→ **ABOUT THIS TASK**
What is needed is an exact copy of the listing, with no pictures in it.

→ **SUPPLIED DATA**
--
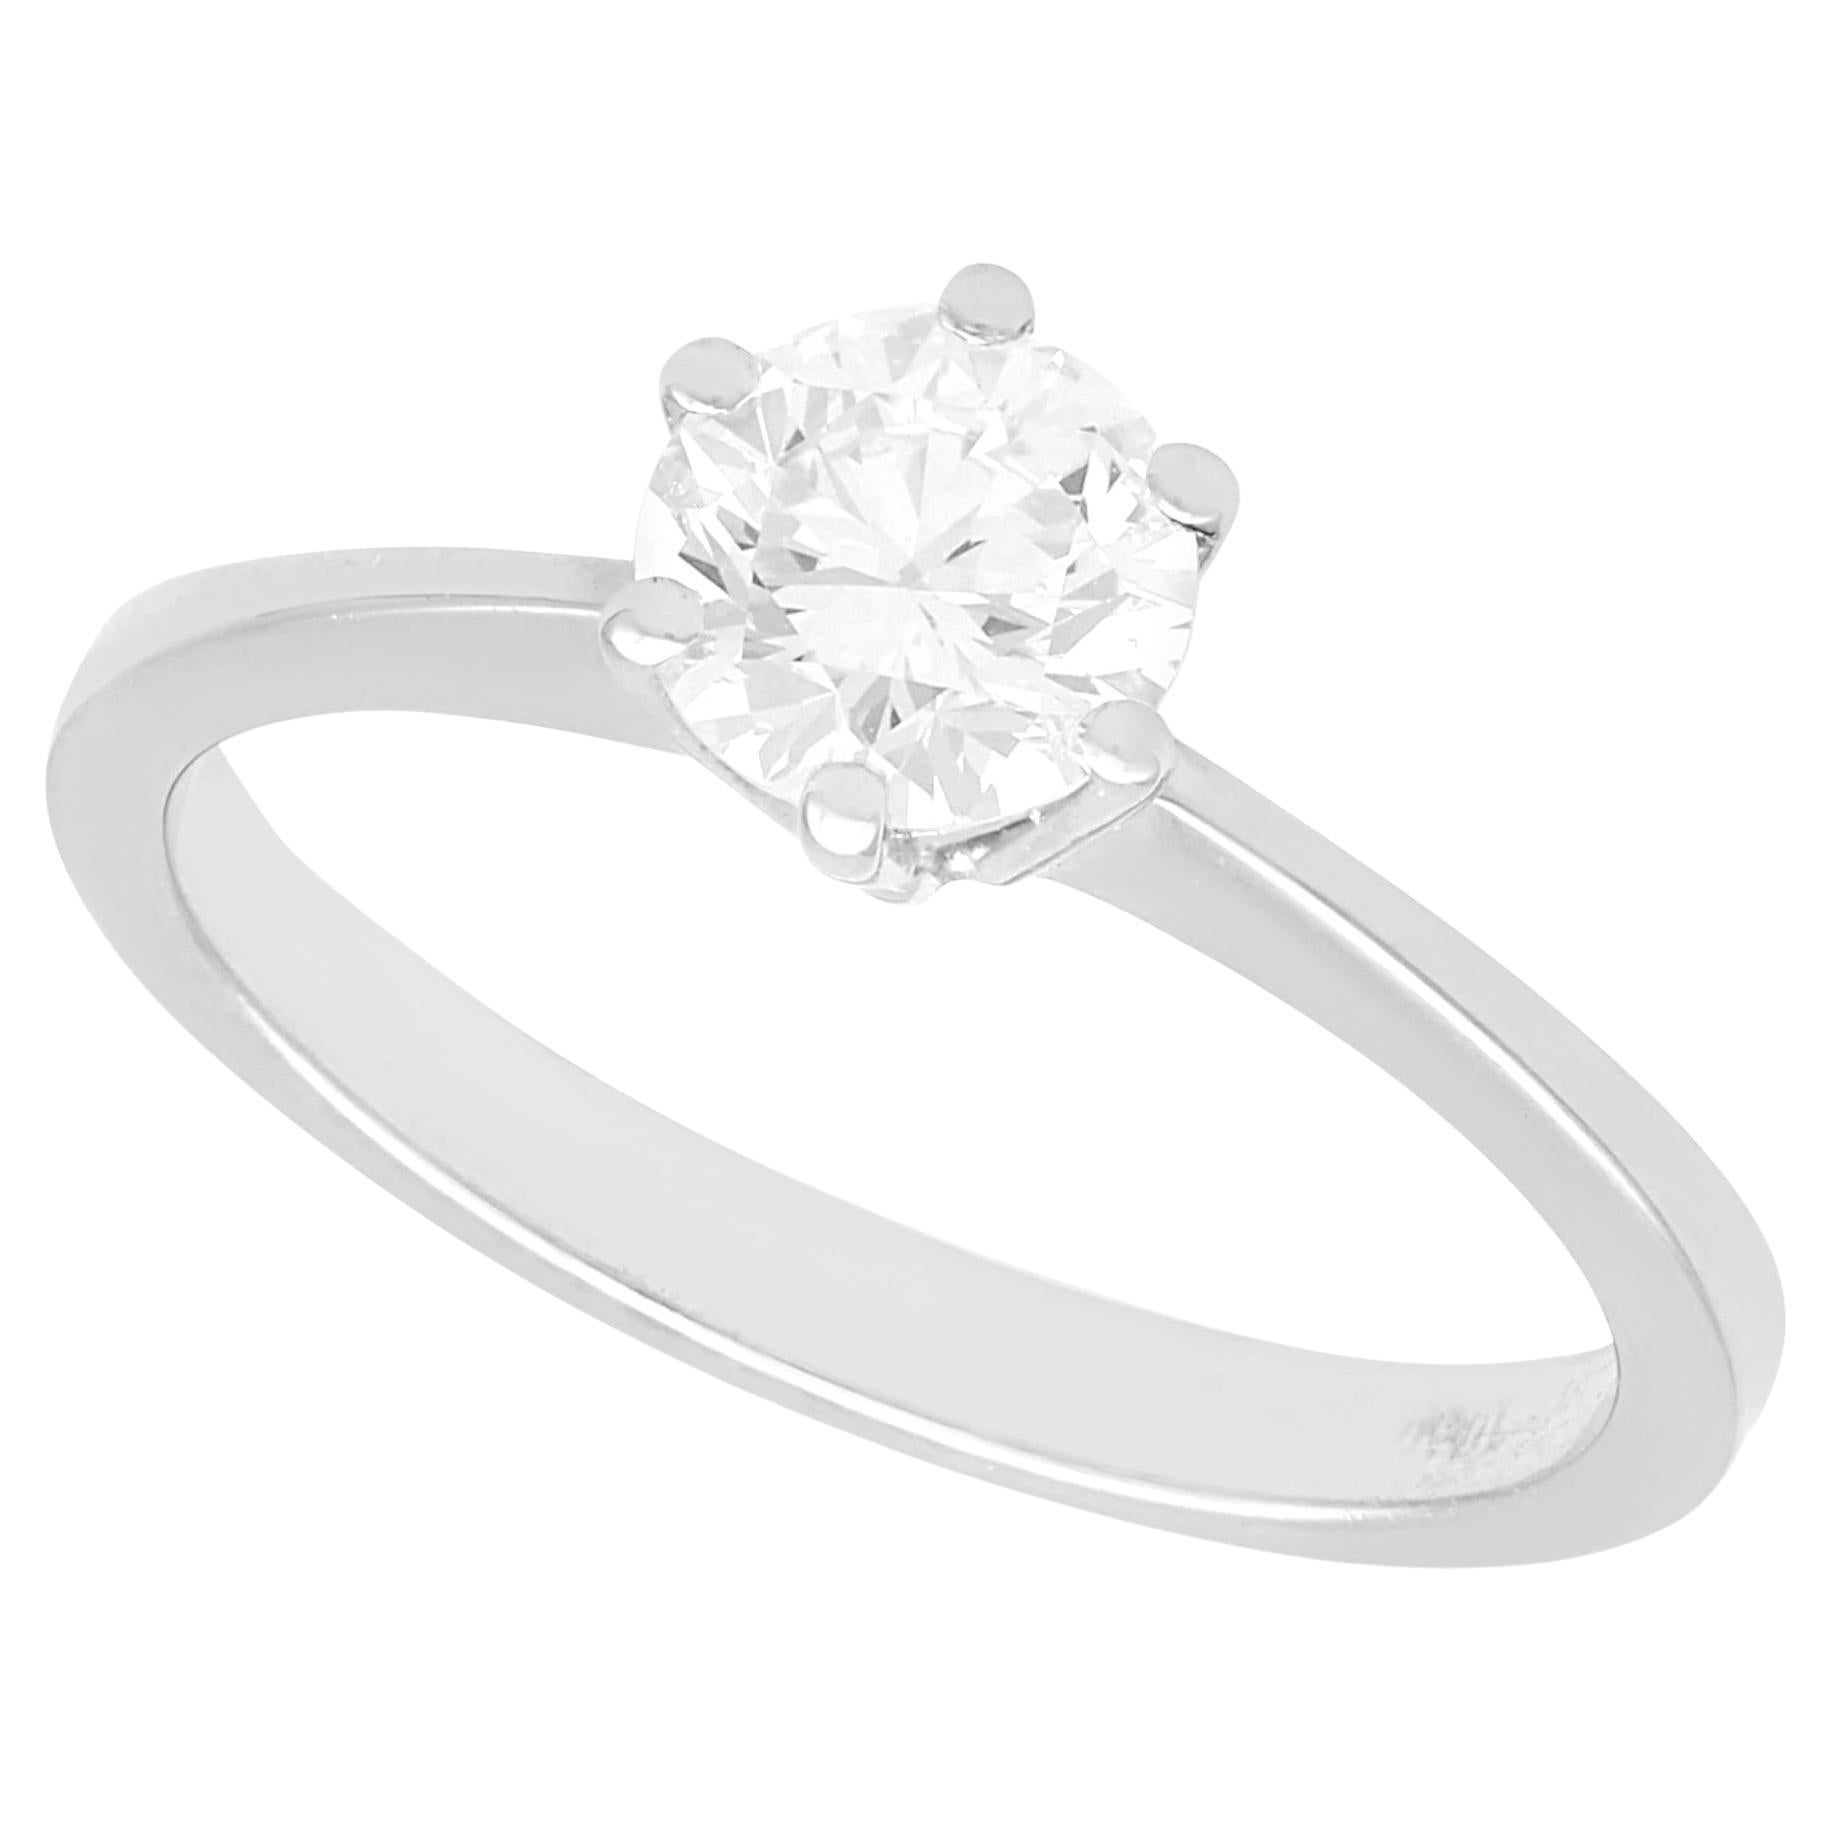 Vintage 0.72 Carat Diamond Solitaire Engagement Ring in 18k White Gold
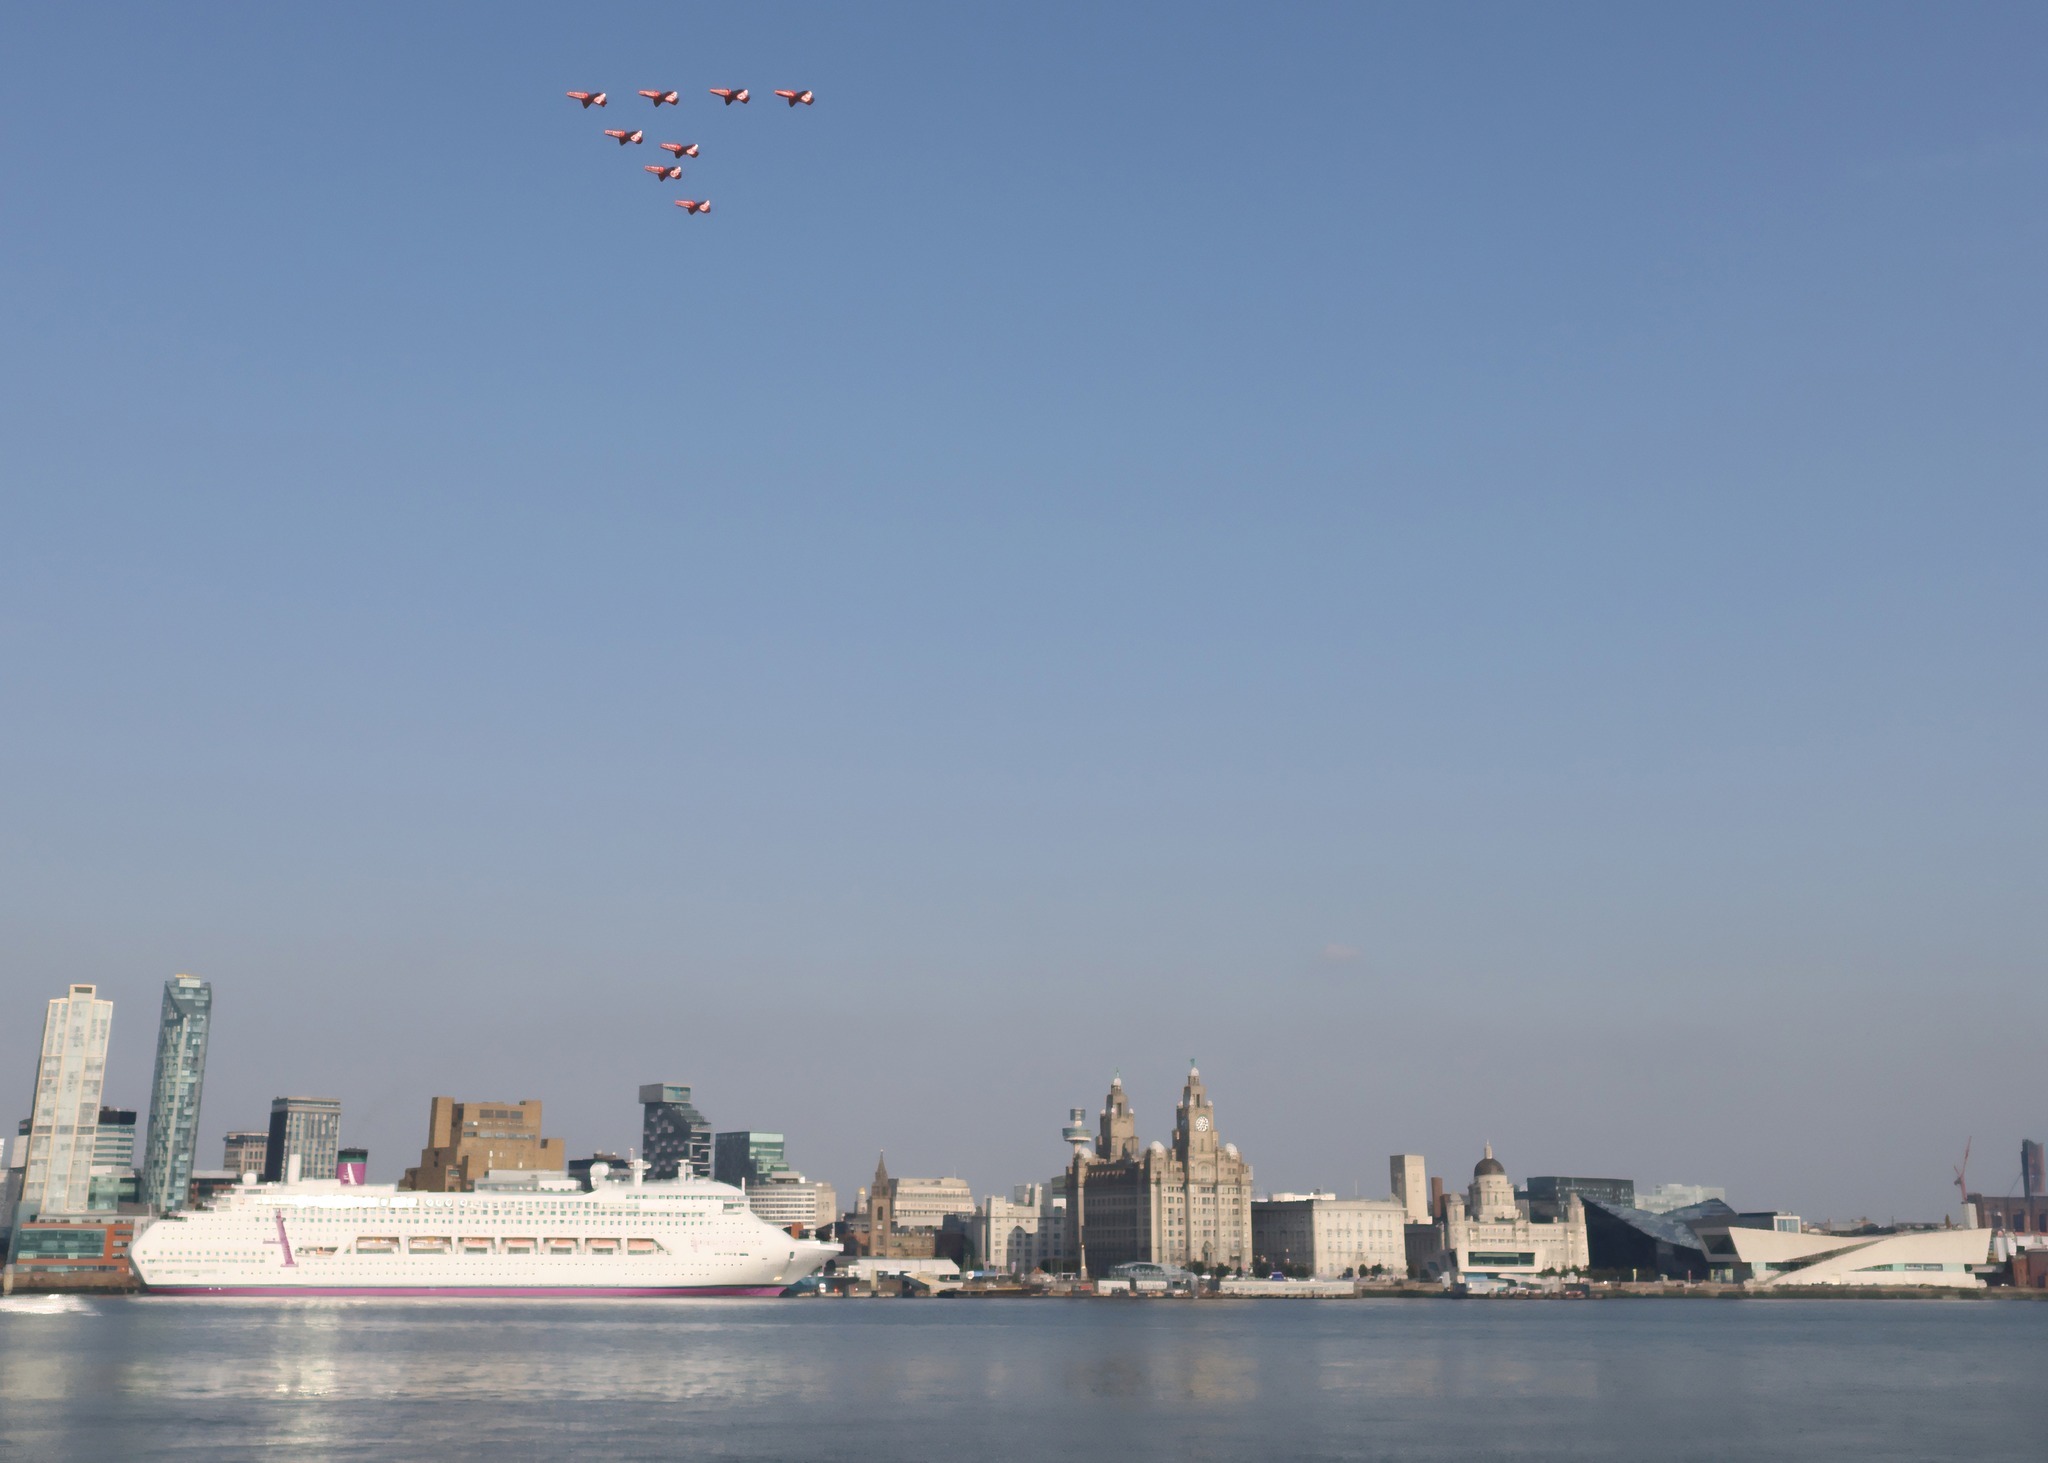 The Red Arrows at Seacombe by Ray Yu
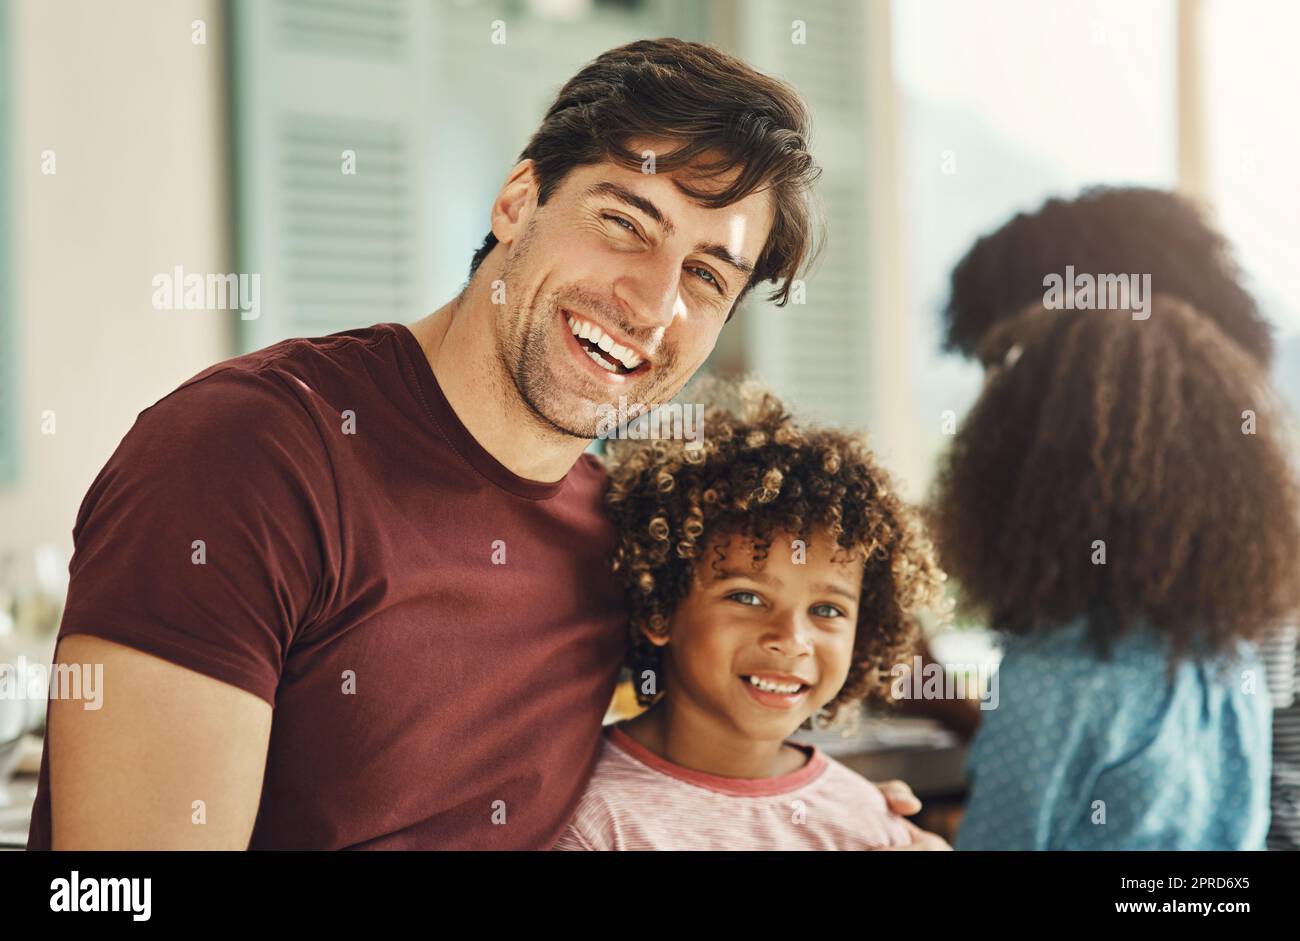 Looking after the family with my little man. Portrait of a cheerful father and son bonding during a family gathering at home. Stock Photo
--
→ **SOLUTION TO THIS PROBLEM**
 Vintage 0.72 Carat Diamond Solitaire Engagement Ring in 18k White Gold
 The Red Arrows at Seacombe by Ray Yu
 Looking after the family with my little man. Portrait of a cheerful father and son bonding during a family gathering at home. Stock Photo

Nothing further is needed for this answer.